Shoot ... anyone have a copy of the pdf for the pf30 install? What's best to use between the plastic bb cups to the carbon bb shell?


----------



## roadworthy (Nov 11, 2011)

Optimus,
You have basically asked the $64,000 question.  Suffice to say that practices 'vary' by mfr. If you have a new bike or you want to service your PF30 bike, I suggest you contact Specialized for their 'latest' tech bulletin. I have a PDF that shows their mtb procedure for PF30...but it is a bit dated...and they suggest 'grease' application on the exterior of the delrin cup as it is pressed into the carbon shell and 'grease' for the press off the bearings into the ID of the delrin cups. Many have suffered creaks with just using grease...but could be due to poor application or insufficient crank axial load which promotes noise from all bearings if not preloaded to quiet resonance of cartridge bearing balls. FWIW PF30 is a good design and IMO better than BB30 so if you get it set up correctly, it will be quiet. As mentioned different mfr's have different approaches to PF30. Cannondale for example suggests Loctite 609 applied to the OD of the cups prior to insertion into the BB. I have had conversation with Park and they said bonding of Delrin to carbon is reduced without an activator...what Cannondale suggests. I will add that complete bonding isn't an end all. Using Loctite primarily as a filler of micro spaces between cups and BB has benefit as it stabilizes the delrin cups and therefore have less tendency to creak.
Here is a link to Cannondales procedure:
http://cdn.cannondale.com/Manuals/12789 ... s_0811.pdf

Again...If I purchased a new bike...I just did and am building a Roubaix with threaded BB...but say a new Sworks with PF30, I would send an email to Specialized requesting the latest tech bulletin for PF30. You maybe able to find it on their website but best to ask them for the latest rev level. Their procedures are constantly evolving and good to know best practice.
Hope that helps.


----------



## ukbloke (Sep 1, 2007)

From the Specialized support web-site: OSBB and Specialized Carbon Crankset.


----------



## roadworthy (Nov 11, 2011)

Optimus,
Based upon conflicting methods of installing a PF30 BB...reviewing the PDF that ukbloke posted...apparently Specialized has not revised their published installation method at least if that is the latest...I would opt first for grease on OD and ID of the cups as Specialized published versus using Loctite per Cannondale specification.
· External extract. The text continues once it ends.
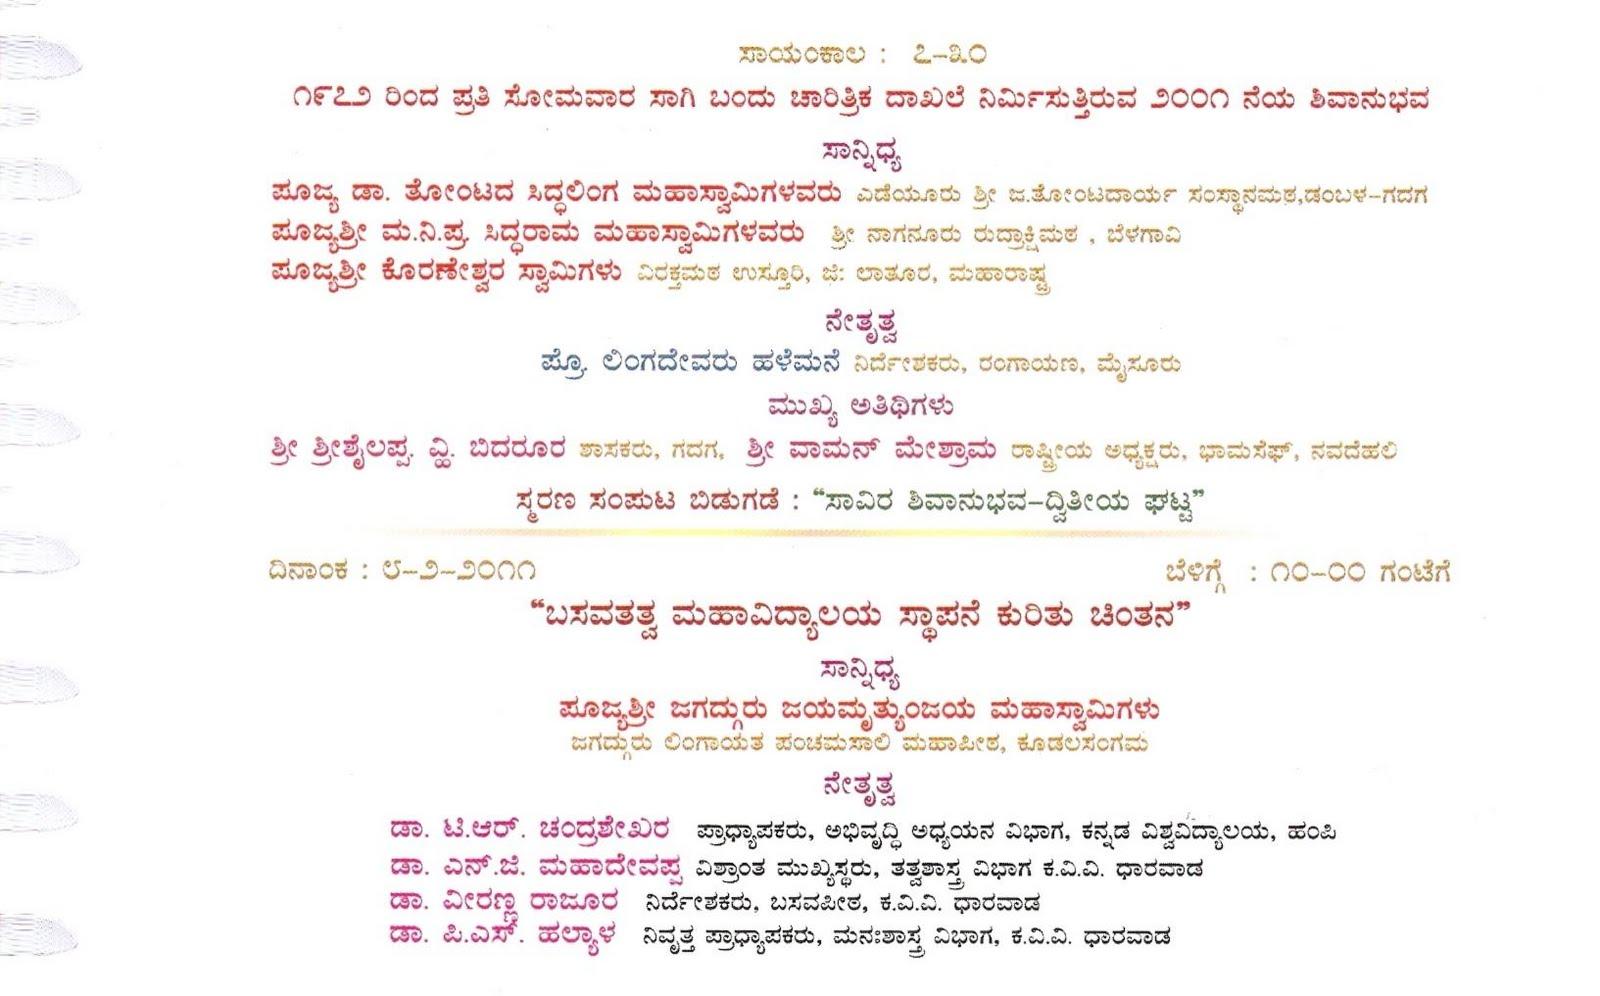 Ambedkar action alert fwd bamcef jtmath 2001 shivanubhava fwd bamcef jtmath 2001 shivanubhava function invitation card stopboris Images

PF30 tends to be more forgiving for noise compared to BB30 because of the native low friction of delrin and if properly done, it should be quiet. Just make sure you run sufficent preload on your cranks. Never a bad idea to start with the least invasive procedure anyway. Can always use Loctite down the road if it isn't quiet.
Good Luck.


----------



## ukbloke (Sep 1, 2007)

Interestingly, the very recent Specialized tech document with the preload-adjustable "wavy washer" replacement has disappeared from the link over in Rkfast's thread.


----------